Task directions:
Only the pictures are to be dropped, and the rest of the data should be copied exactly.

Source material:
────

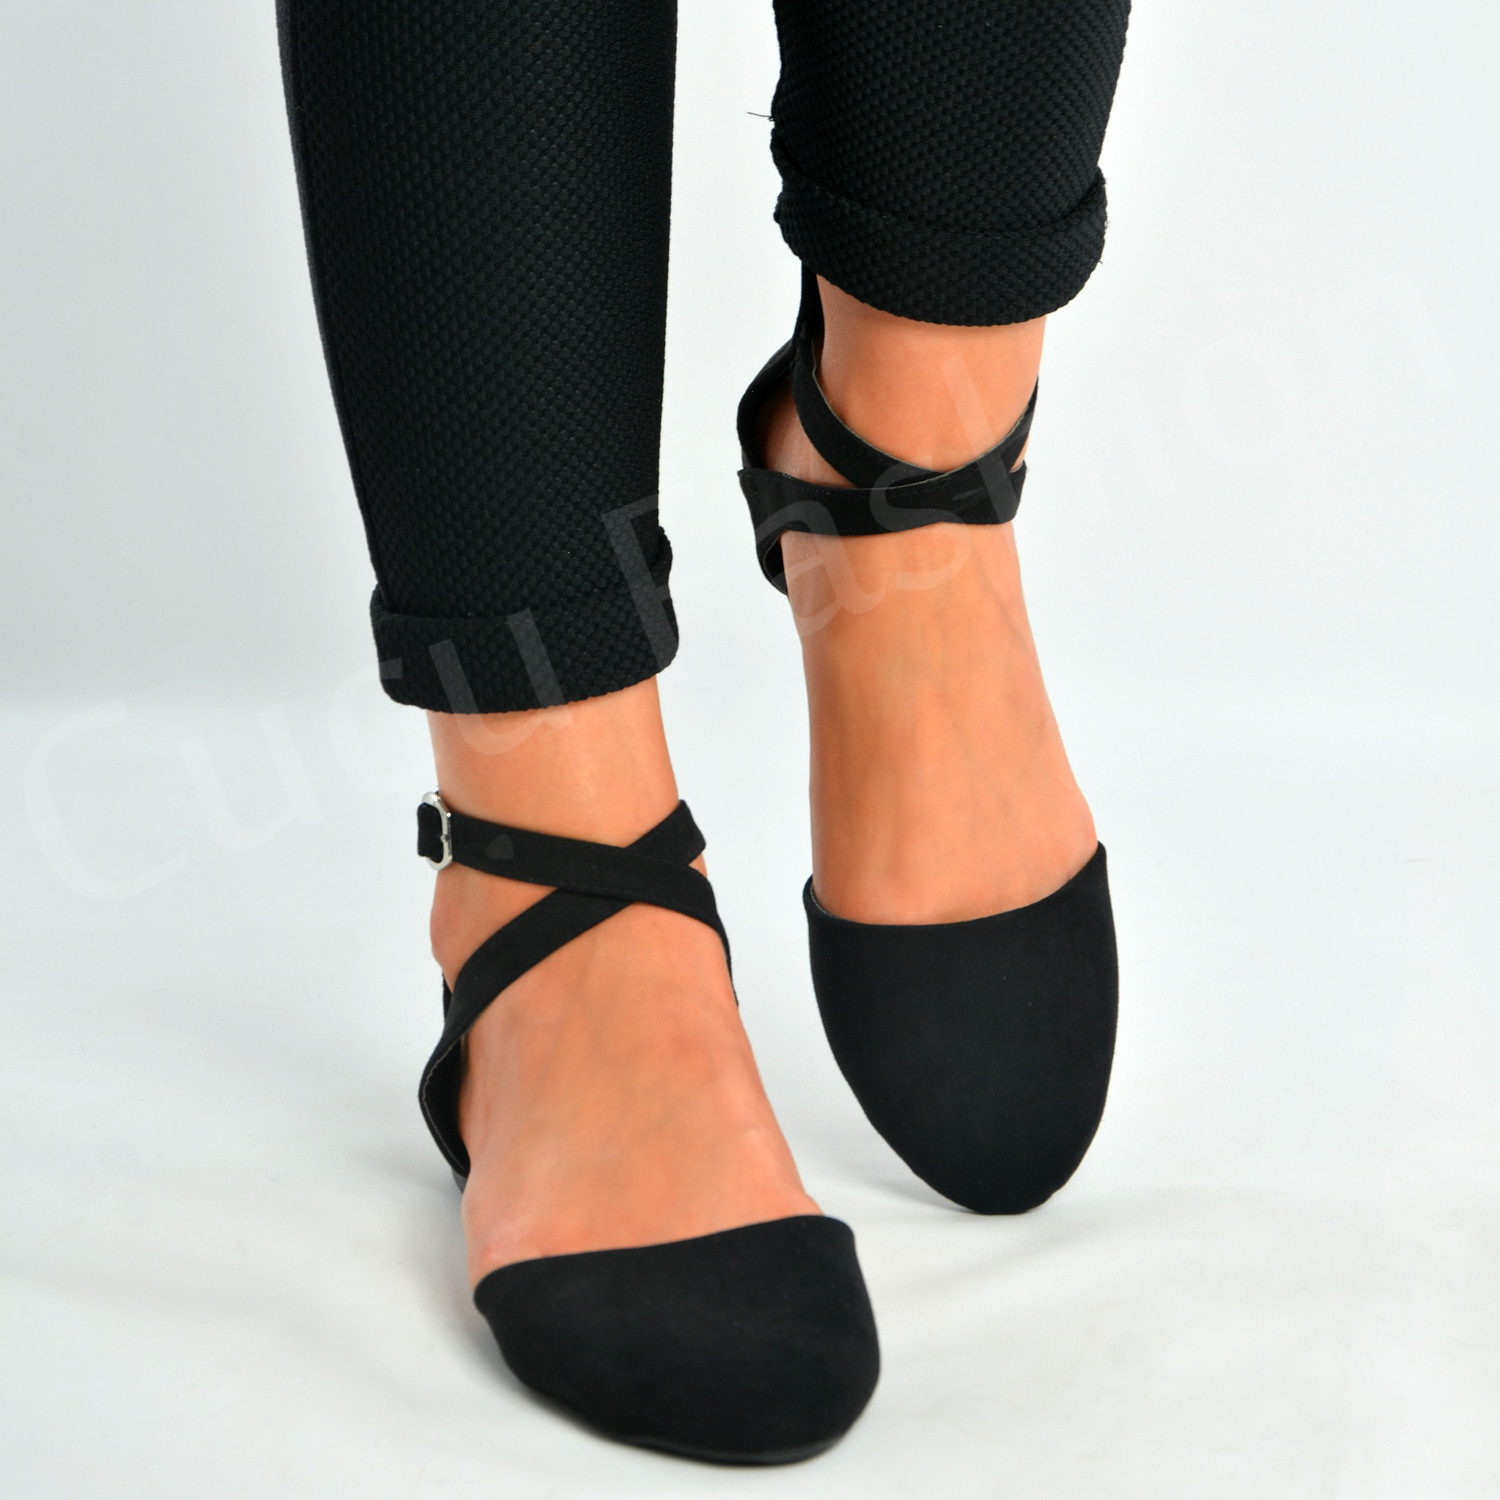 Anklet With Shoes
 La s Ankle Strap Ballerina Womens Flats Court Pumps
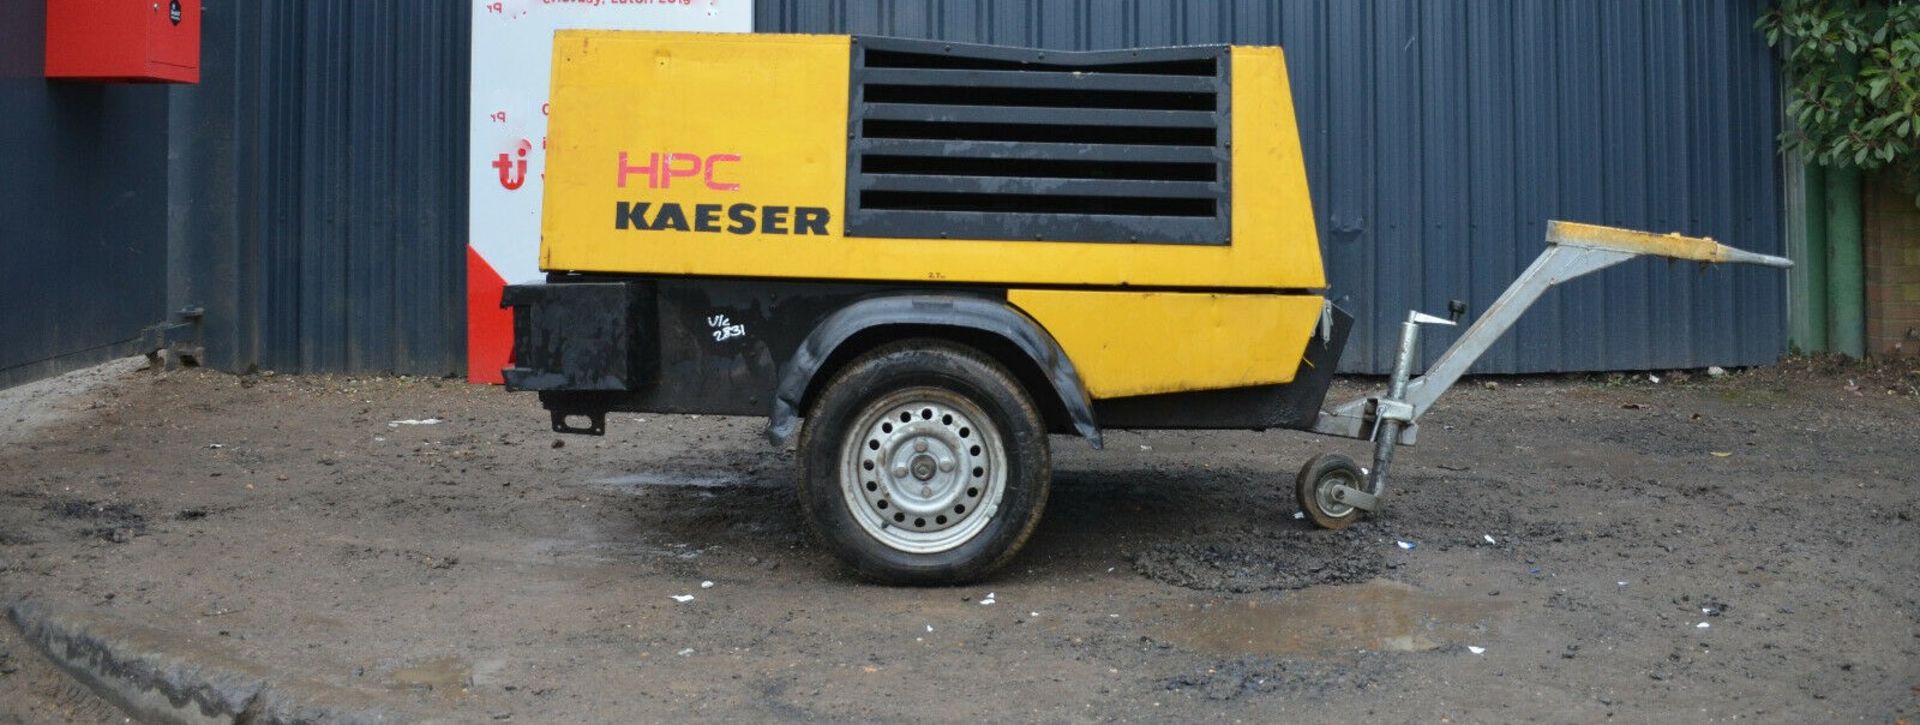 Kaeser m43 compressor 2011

────

Result of this task:
 Anklet With Shoes
 La s Ankle Strap Ballerina Womens Flats Court Pumps
 Kaeser m43 compressor 2011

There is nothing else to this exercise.